If the hypothesis is true, we will get 1 to 2 memories for N=8 and 2 to 3 memories for N=16. We perform experiments resembling experiment 3 from the earlier section to produce data that we can compare.

For the memories or target phenotypes, we randomly generate M vectors of a given length N. While generation we check that they are all distinct - no two target phenotypes are equal to or complement each other.

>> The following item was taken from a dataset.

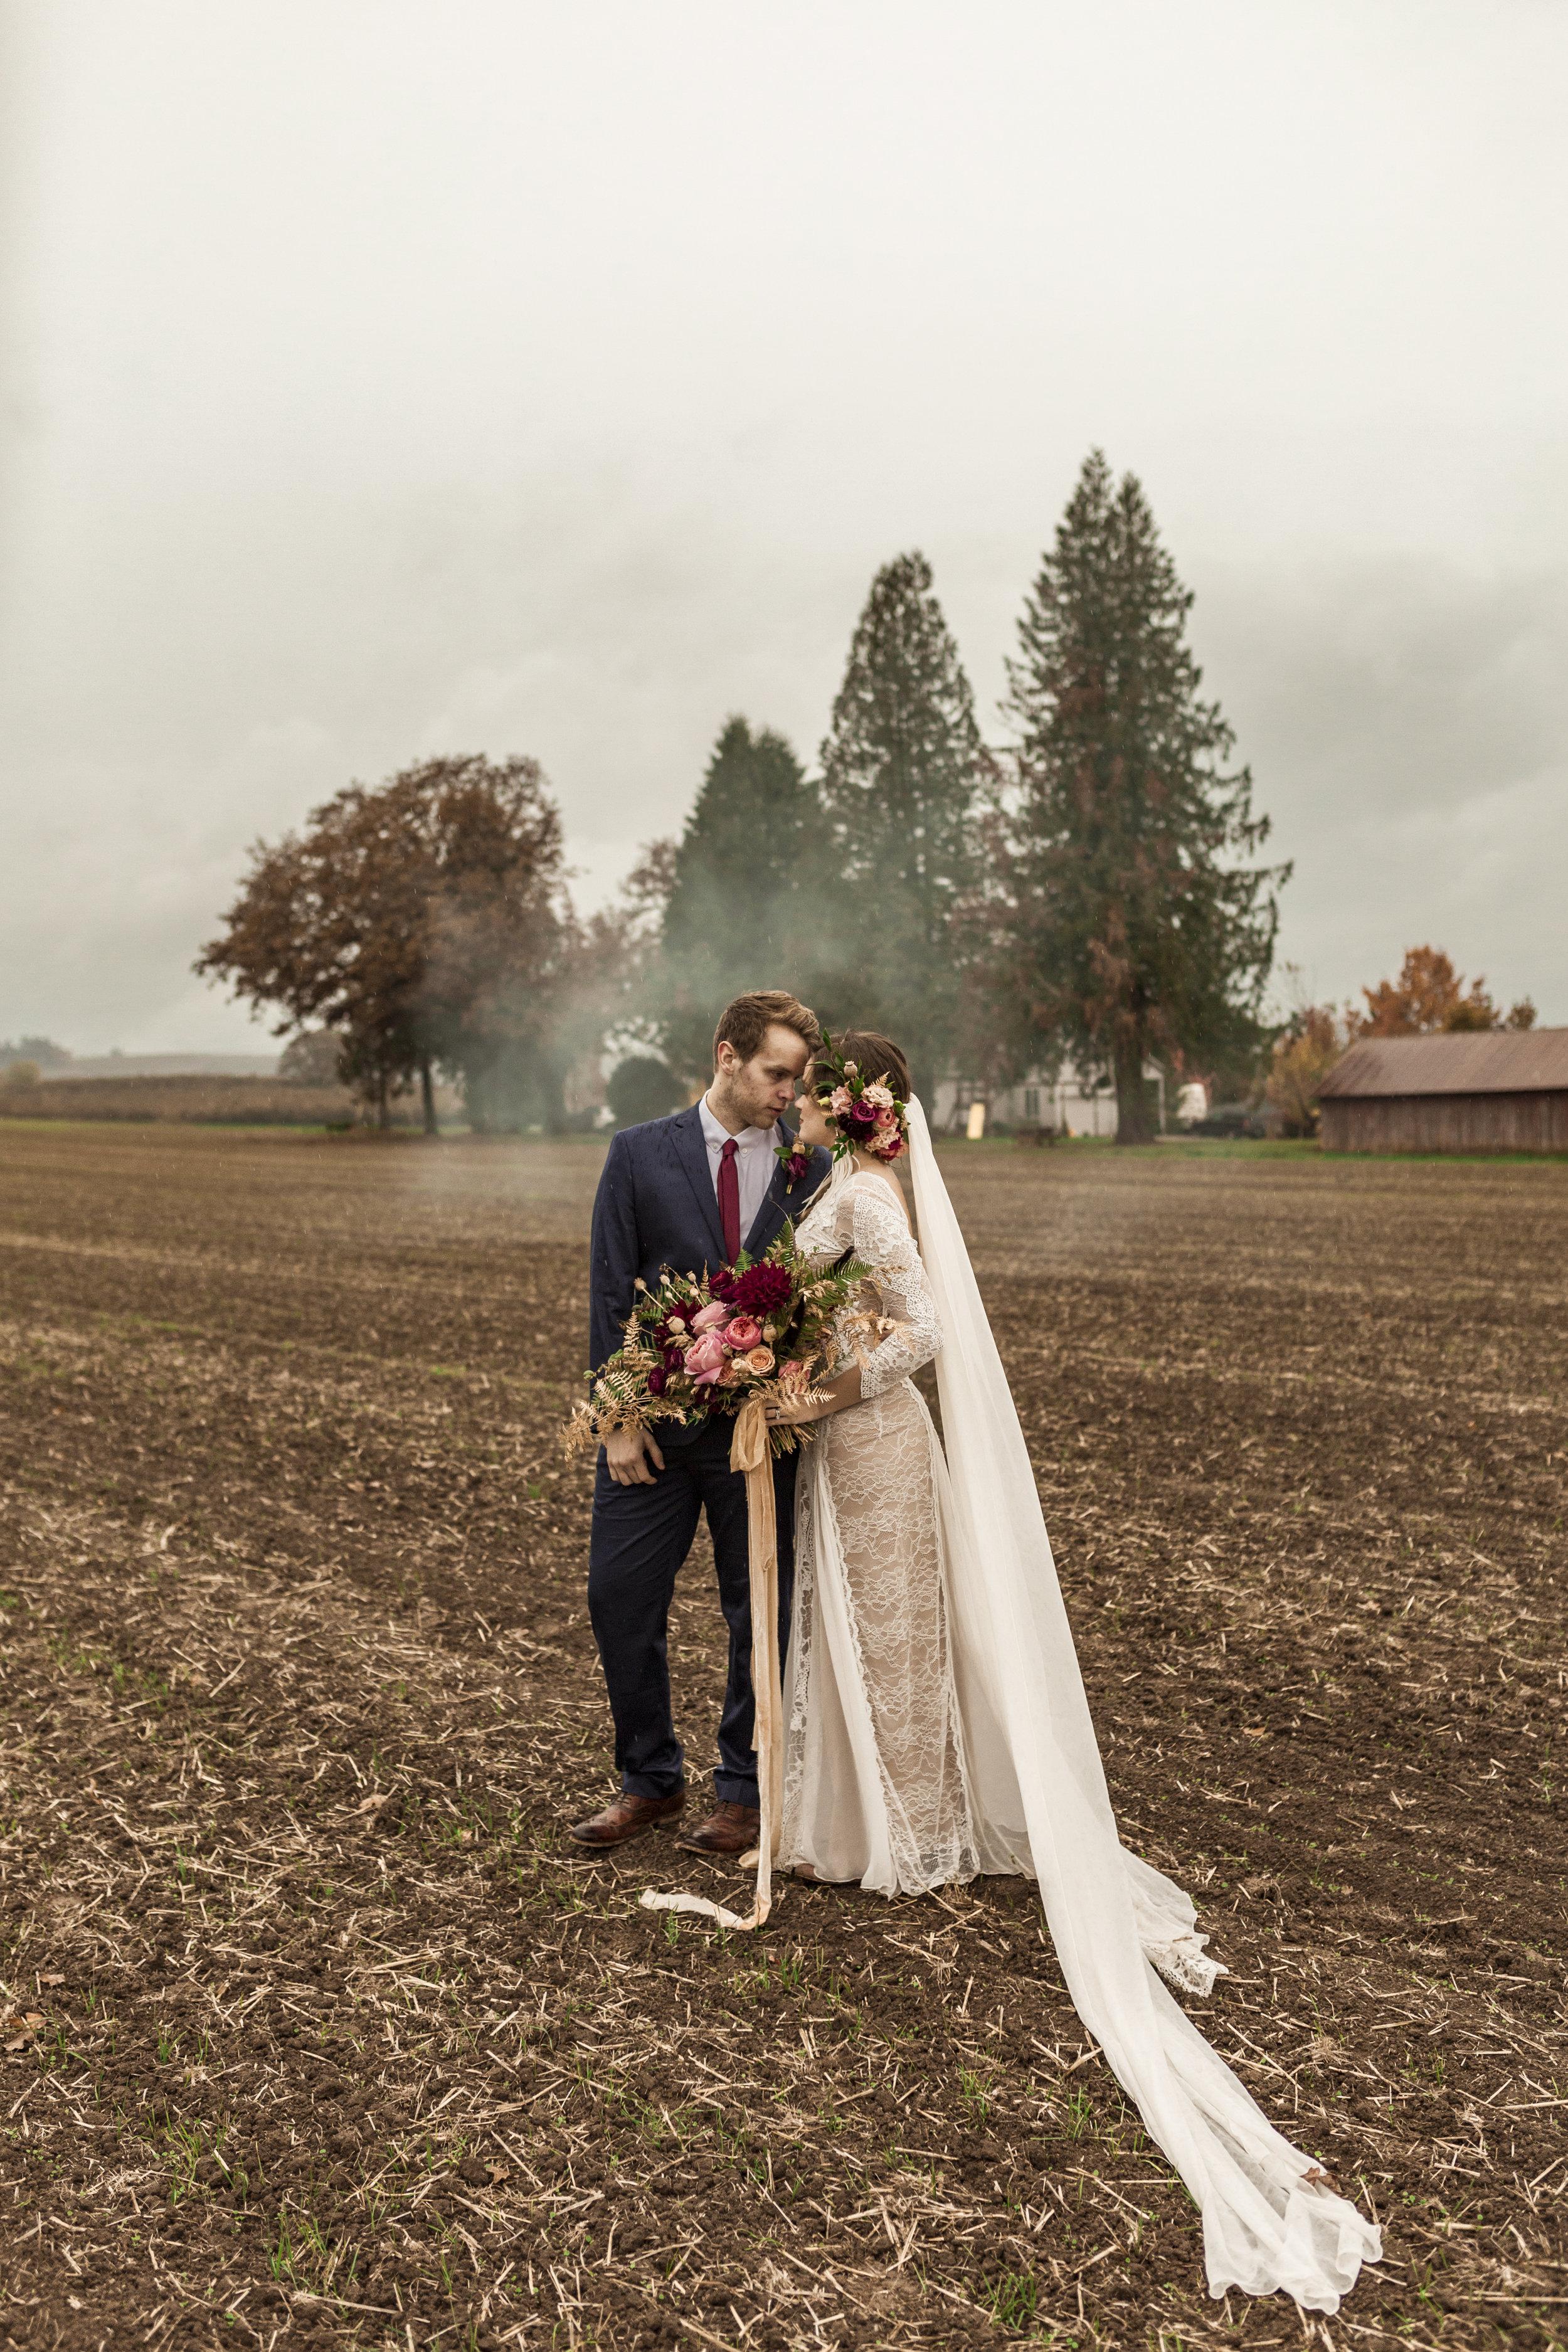 PNW Elopement | Forest Grove, Oregon | Bri Bergman Photography 043.JPG

Then we evolve starting from G vector of length N and B matrix of size N × N. The evolution steps are calculated by M × 4 × 10⁵ where a new target phenotype from the pattern list is introduced every 2000 evolutionary steps, making sure each pattern gets the same evolution time to be selected for.

Metrics

Once we have evolved a B matrix like before, for a particular value of N, we randomly generate 100 samples of embryonic genotypes of length N that have randomly selected values for each element which is either +1 or -1. This G vector is then developed for T=10 development steps and matched to the selection target phenotypes.

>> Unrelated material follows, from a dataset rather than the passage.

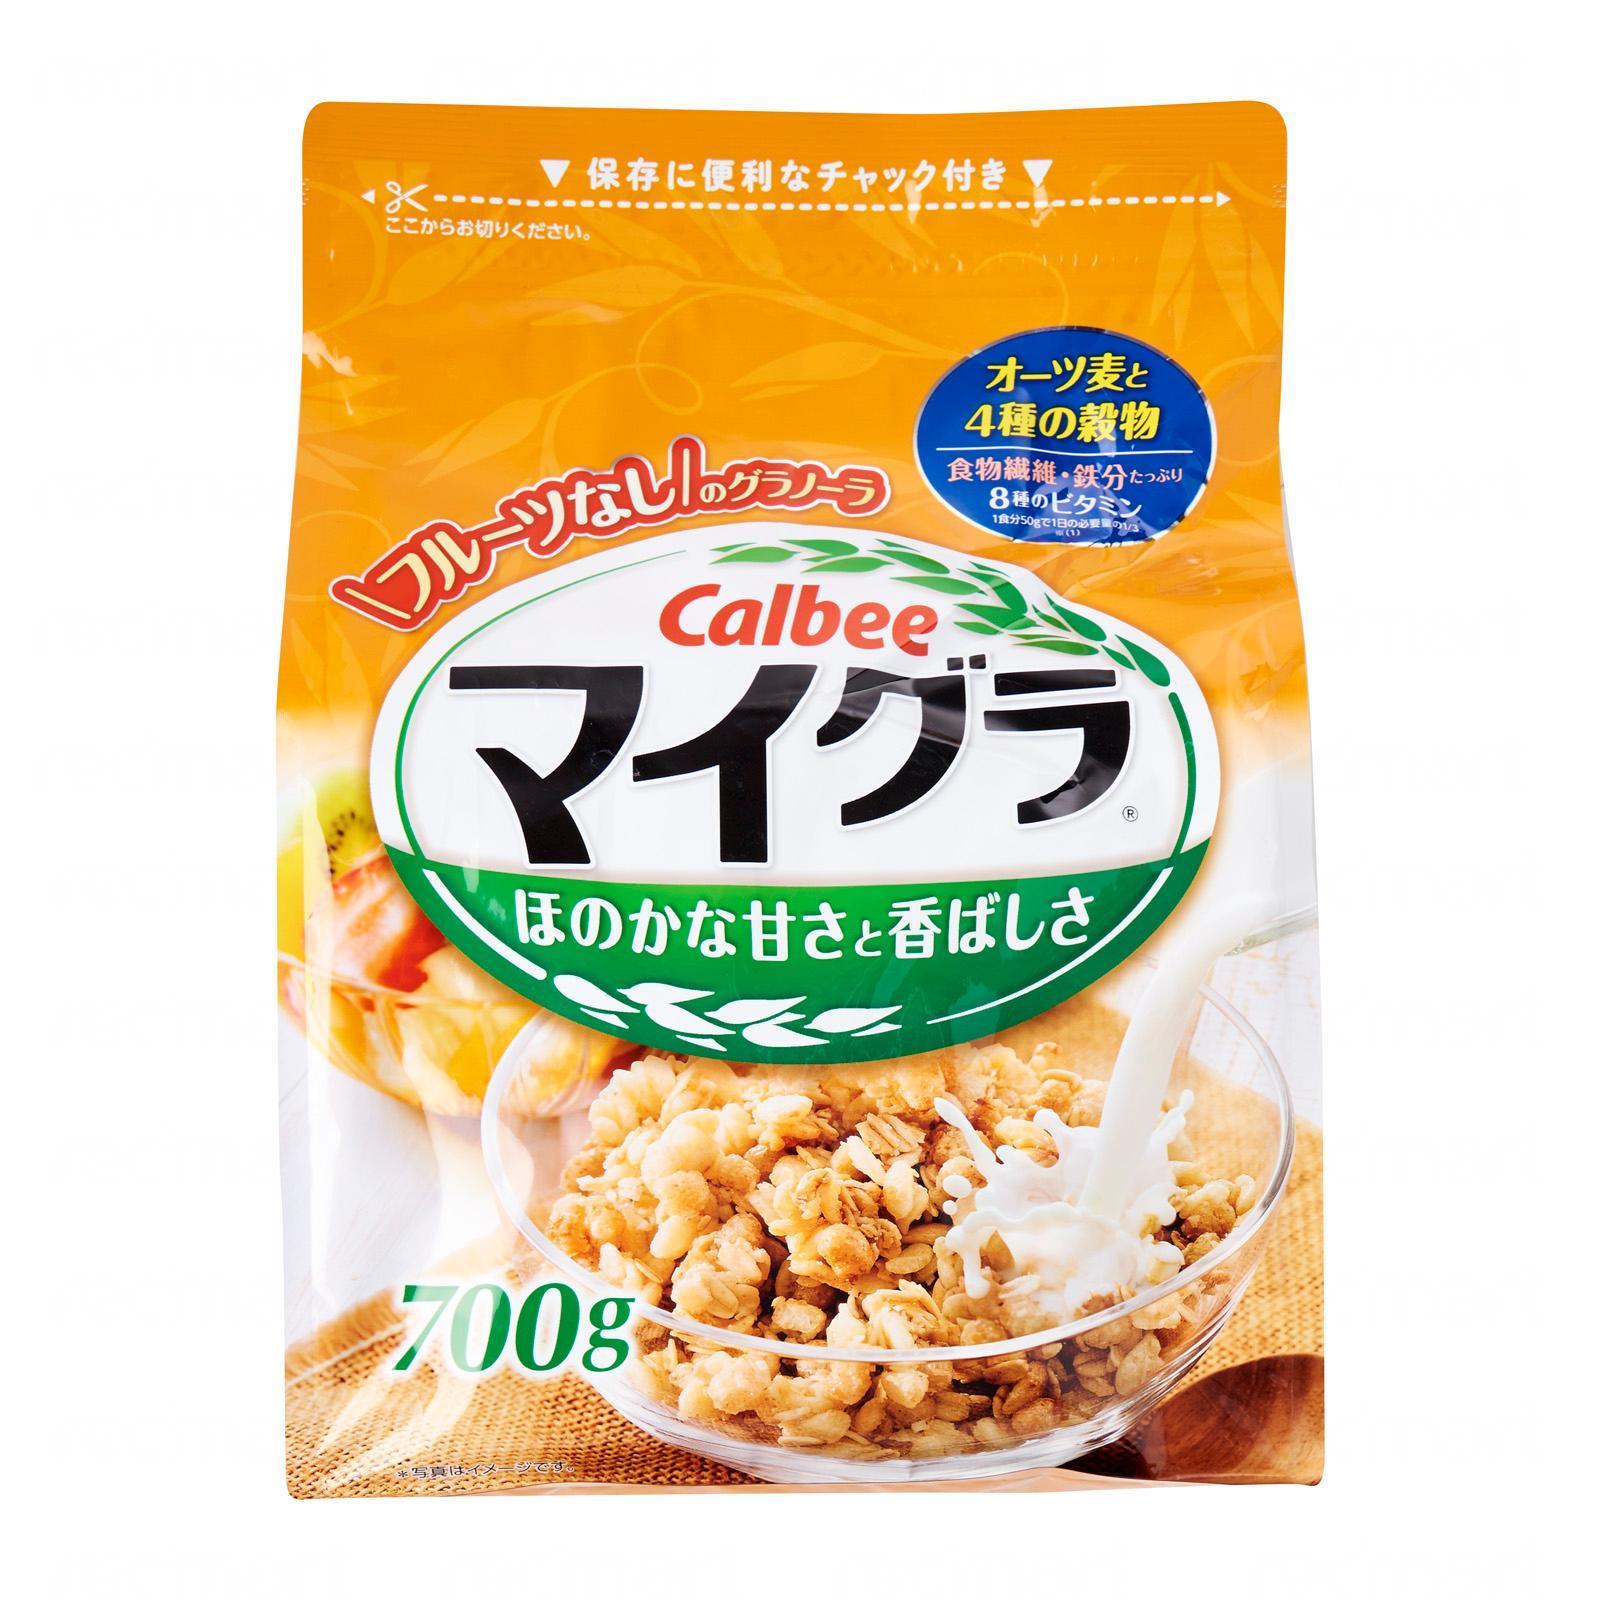 Calbee Plain Flavour Oats Breakfast Granola

We use a metric "Memory Recall" here which is equal to the number of patterns that were correctly developed to one of the target phenotypes given for selection. This number can also be considered as a percentage for the accuracy of developing phenotype from the target pattern set.

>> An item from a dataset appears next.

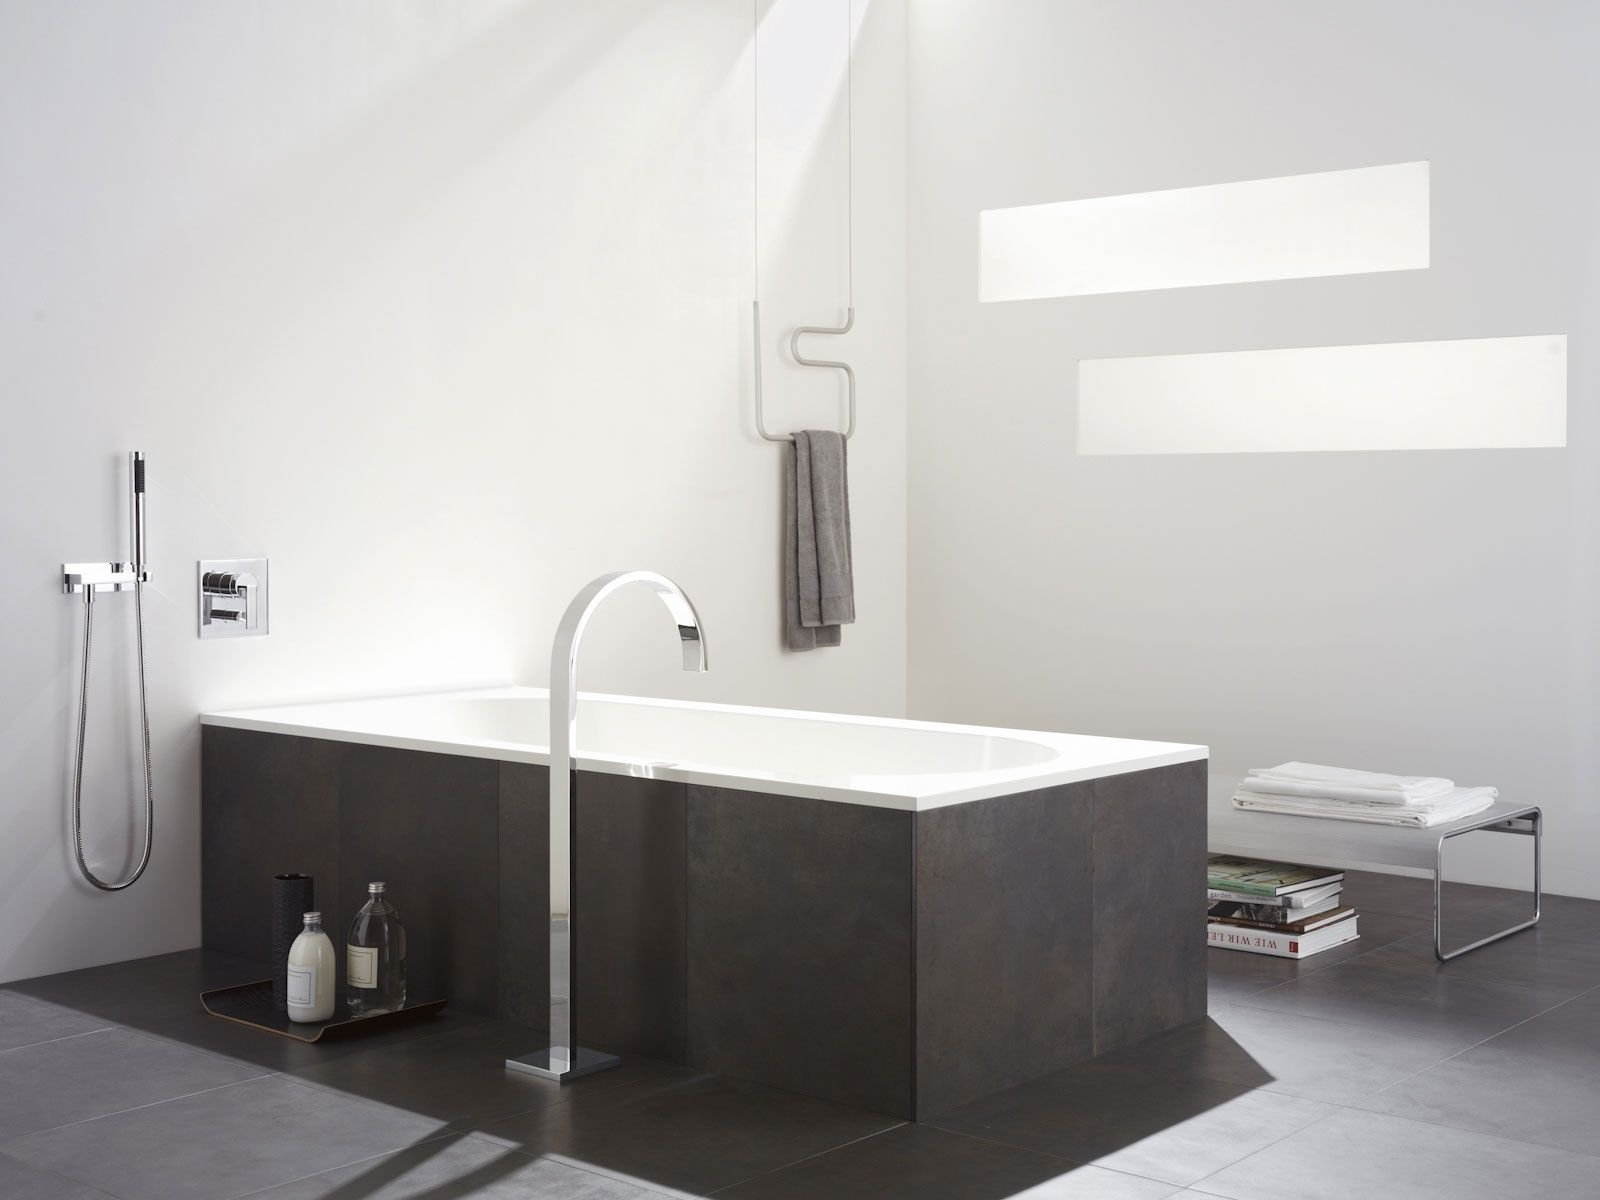 Badezimmer Armaturen ~ Mem bad & spa armatur dornbracht bath pinterest

The results that were found were averaged over three runs with different random generation seeds

Results

The result data of the experiment is shown in the table 1. Here N is the length of the phenotype, M is the distinct number of high-fitness environments selected and Memory recall as discussed before indicates the percent of adult phenotypes that exactly resemble one of the selected phenotypes or their complement.

Using Hopfield’s observation we expect the memory capacity to be roughly 0.15N. A good correlation to expected results was seen in 2. While there was an unexpectedly good performance with N=10, more experiments will be needed to come to a firm conclusion.

As discussed in the reimplementation results for experiment 3, the capacity to hold memory seems to be heavily influenced by the memories themselves. The set of target phenotypes affects the quality of developed phenotypes and also the memory recall.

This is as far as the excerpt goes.